Von Schleimünde nach Massholm brauchen wir bei dem Gegenwind allerdings eine gute halbe Stunde, das ist der Nachteil der Aktion. Und auch in Massholm bekommen wir bei Böen um die 7 Bft das Anlegemanöver nicht geschenkt, wie sich herausstellt. Wir benötigen mehrere Anläufe um endlich in eine Box mit grünem Schild hereinzukommen. Dabei bricht unser Zweitbootshaken in der  Mitte, also an der Teleskopfunktion, durch und ist damit quasi wertlos.

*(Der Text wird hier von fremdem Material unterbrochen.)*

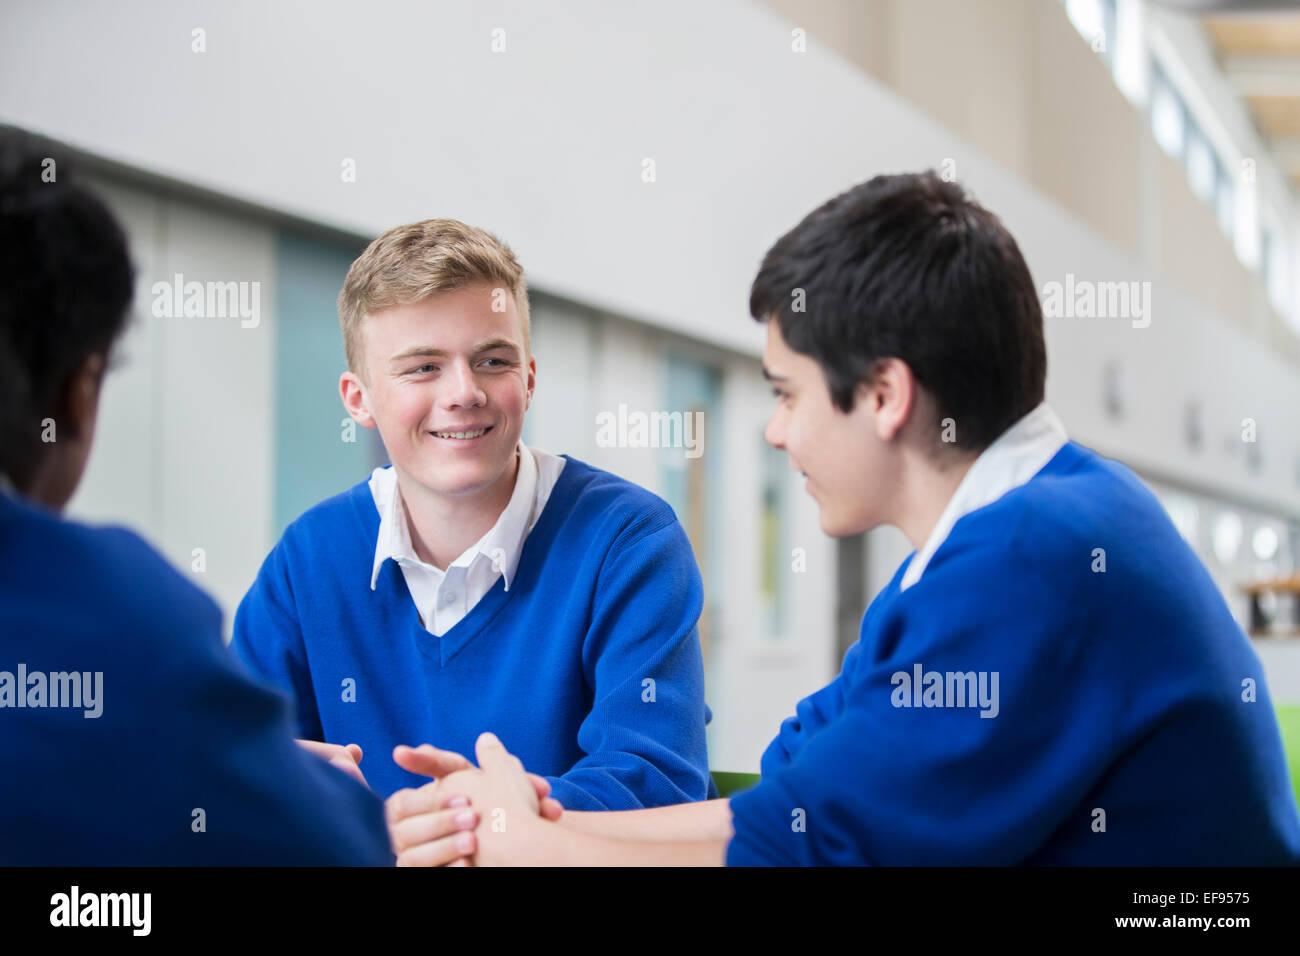 Three male students wearing blue school uniforms talking in corridor - Stock Image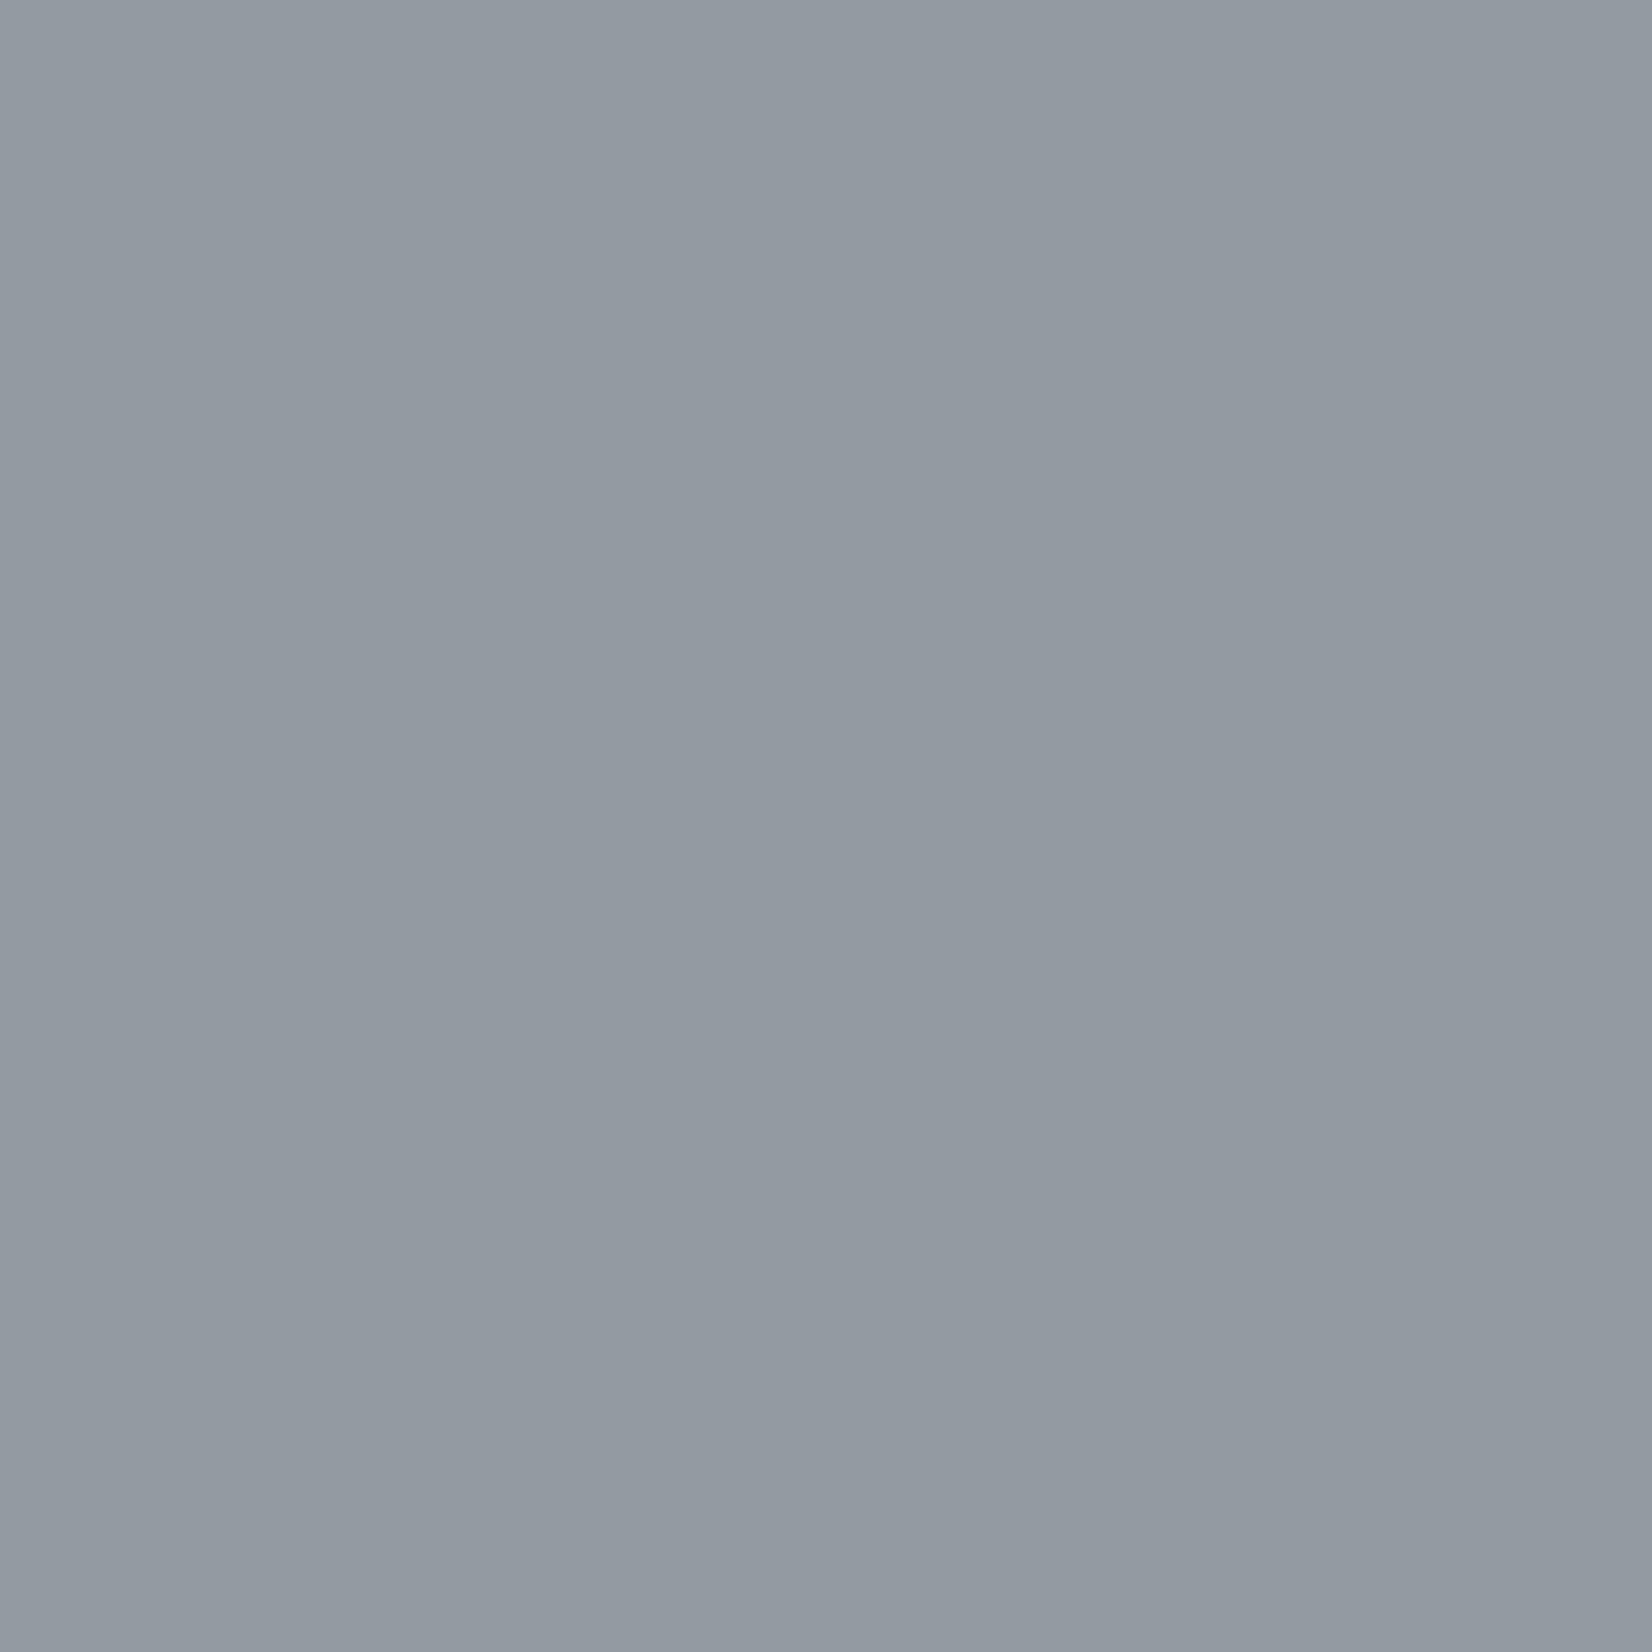 "Savage Savage Widetone Seamless Background Paper (#56 Fashion Gray, 107"" x 36')"

Wieder zahlen wir die Liegegebühren, indem wir die 13 Euro für unsere Bootsgröße von 31 Fuss in einen Umschlag und dann ins Hafenmeisterbüro werfen.

Sonntag ist allgemeiner Rückreisetag und so brechen viele Yachtis auf und treten den Heimweg an. Es weht 5-6 Windstärken, in Böen 7, an unserem Handgerät messen wir 8. Das ist inkl. Fahrt bei Raumwindkurs, denn der Wind kommt aus West und wir müssen nach Wendtorf. Dafür ist es auch deutlich tiefer als die üblichen 10 Meter, auf die sich die Windstärken beziehen. Es ist also angebracht zu reffen. Und zunächst rollen wir auch nur die Genua gerefft raus, später reffen wir sie wieder aus. Aus der Schlei heraus ist es noch wellenarm, mit jeder Meile Richtung Westen wird es jedoch mehr. Um Raumwind fahren zu können segeln wir direkten Kurs Richtung Wendtorf, ungeachtet des sich im Weg befindlichen Sperrgebietes. Doch mir wurde mal in Kappen von dem dortigen Hafenmeister gesagt, dass man es damit nicht so genau nehmen braucht. Also haben wir keine Skrupel von diesem Sperrgebiet die nordöstliche Ecke etwas abzuschneiden.
Aus Wellengründen hätten wir aber vielleicht besser daran getan von der Schleimündung direkt auf Südkurs zu gehen, wie es viele andere Yachten machen. Dort umfährt man das Sperrgebiet, hat weniger Welle und noch die Aussicht auf die Küste. So würde ich es das nächste Mal tun.
Jedenfalls sind wir extrem schnell mit dem gewählten Kurs. Ständig zwischen 6,5 und 7,5 Knoten. Da sind wir razi-fazi in Wendtorf und haben noch Zeit für Kaffee und Kuchen und das Schiff zu klarieren bevor wir wieder die Heimreise nach Köln antreten.